Friday, September 20, 2013

Literary Bleeding Hearts

20th September 2013

I'm sending my galley proofs back to the publisher today. I do hope others are proof reading it, because I caught quite a lot of errors and there must be more that I didn't see.
Now I can devote my day to reading Pulitzer prize winner Paul Harding's new book "Enon." Like Steinbeck and Hemmingway, he might one day be  discussed as one of the big names in American literature, and so it is exciting to watch his career unfold. He got a three-book deal (everyone seems to, except me!) from Random House and so he is under obligation to churn a couple more out. A lot of pressure, which is not conducive to the production of any good art. Art demands space, and that's why I decided to write a canon of five books before sending the first out. Writing is a gossamer art - reach for it too hard and it slips between your fingers.

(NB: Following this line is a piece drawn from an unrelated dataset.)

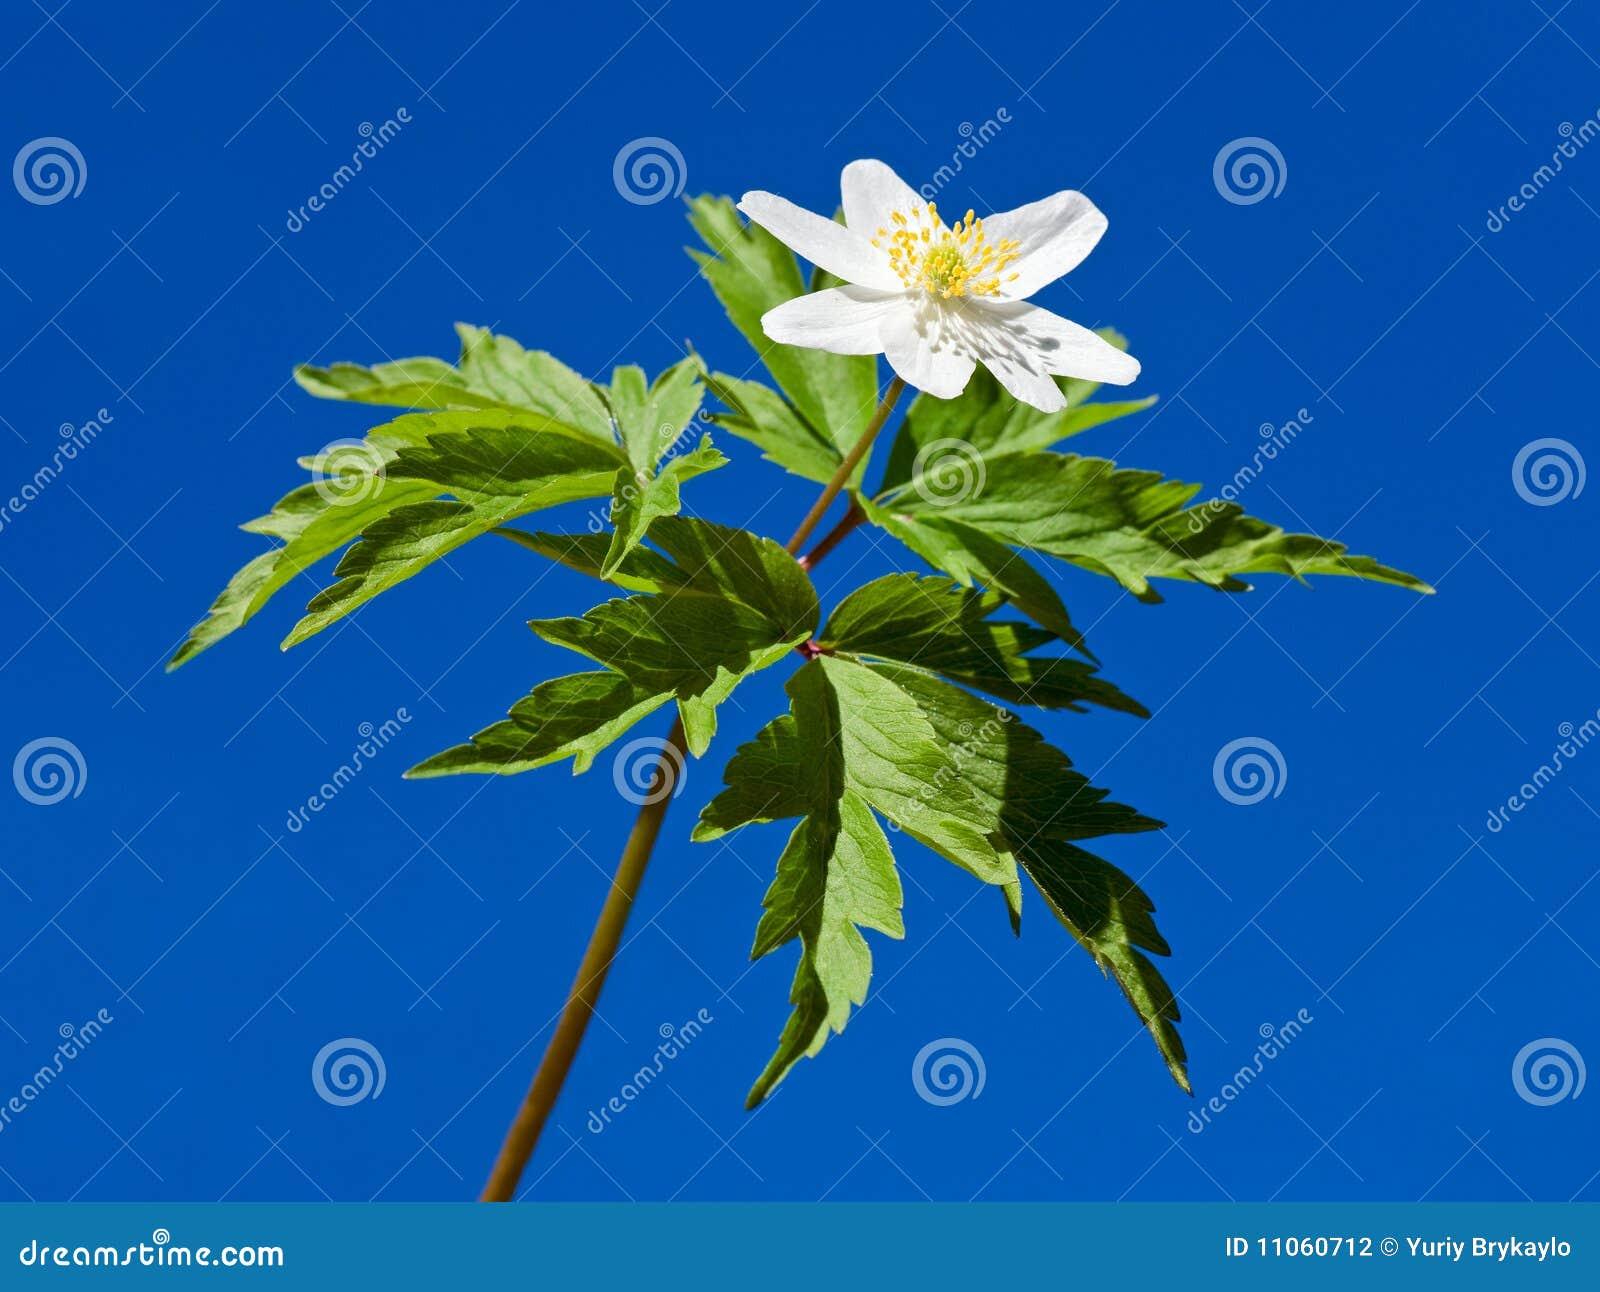 Anemone white flower on blue sky background stock photography image

After much resistance, I am now tweeting once a day. (@kilmartin1978) Twitter's strength and its weakness is its word limit. Half the time you're referencing other people. No room for theses or even half-formed ideas. The good thing is, no one is going to waste your time for long. It's a funny little virtual world,  opening up a space for people to matter, if only for just a sentence or two, as they always did in our pre-industrial revolution communities. Once money became the benchmark for the value of people, a person was only as good as their labour. We have been on a de-humanising track for many centuries, but the pendulum is swinging, as it always does, and we have created this cloud-space for the significance of individuals. I believe in the Gaia principle which holds that the universe is intelligent and will redress imbalance within itself. Humanity has become a limping wounded spectacle, and perhaps our race-course to the end of the technological venture is simply all about this: finding out again who we are. In the immortal words of a bard named Eliot, "The end of all our searching will be to arrive where we started and know that place for the first time."

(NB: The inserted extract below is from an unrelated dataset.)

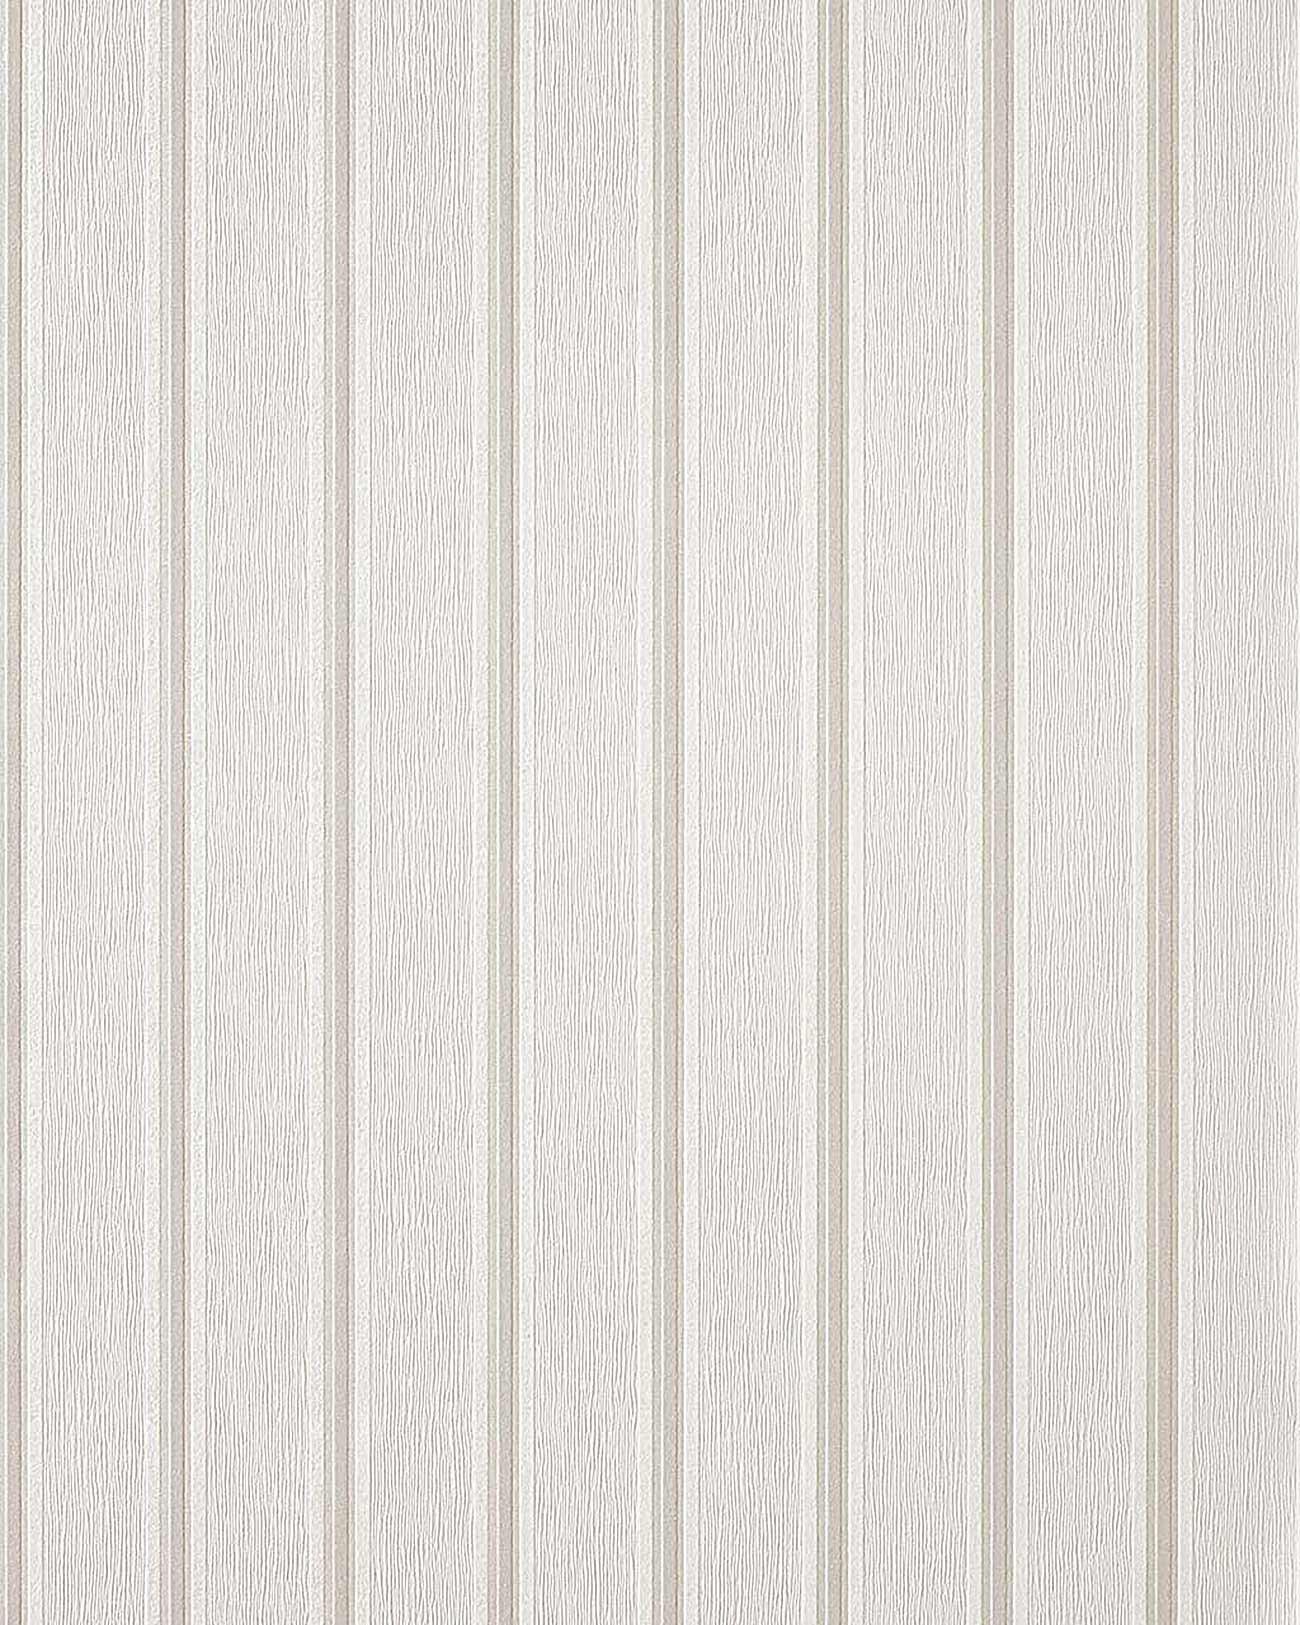 streifen tapete edem 112 30 stilvolle design tapete vinyltapete wei creme hell grau perlmutt. Black Bedroom Furniture Sets. Home Design Ideas

So, if we get to that place, presumably a place without pain, will there be room for art? Or does art necessarily spring from bleeding hearts?  If Hermann Hesse is right that art is the great universalizing mirror, then surely not.  Ode to Joy is as much art as Sartre's Nausea. It is just that for a long time we have approached reality with a gnawing sense of dyspepsia, with the existential angst that has perpetrated much of writing and the other arts for a long time now. But perhaps as the pendulum swings and we find ourselves back at the beginning seeing ourselves again for the first time, literature and music and the visual arts will evolve back into vessels of celebration. What has been subverted into sentimentalism will break out into a grand Hallelujah. And now I am sounding like Martin Luther King. I have a dream....
The rain that has been pouring on Colorado and breaking records and washing away houses has settled into a cold drizzle that last night left its first covering of snow in the high country. I can see snow-capped mountains from my office window, and I am fine with it, just as long as it stays up there for now. I don't mind if the water-logged leaves stay green and the fields refuse to give up hay. I don't mind the mushrooms and moss and the days spent beneath low cloud. I am not a child of the high country nor even of this continent. My ancestors lived in the mulching ground and slept on beds of damp moss. My ancestors never breathed in a gulp of dry air in their short lives. And so it comes down through the DNA, this ease with rain. Leave me out in it. I might even grow roots.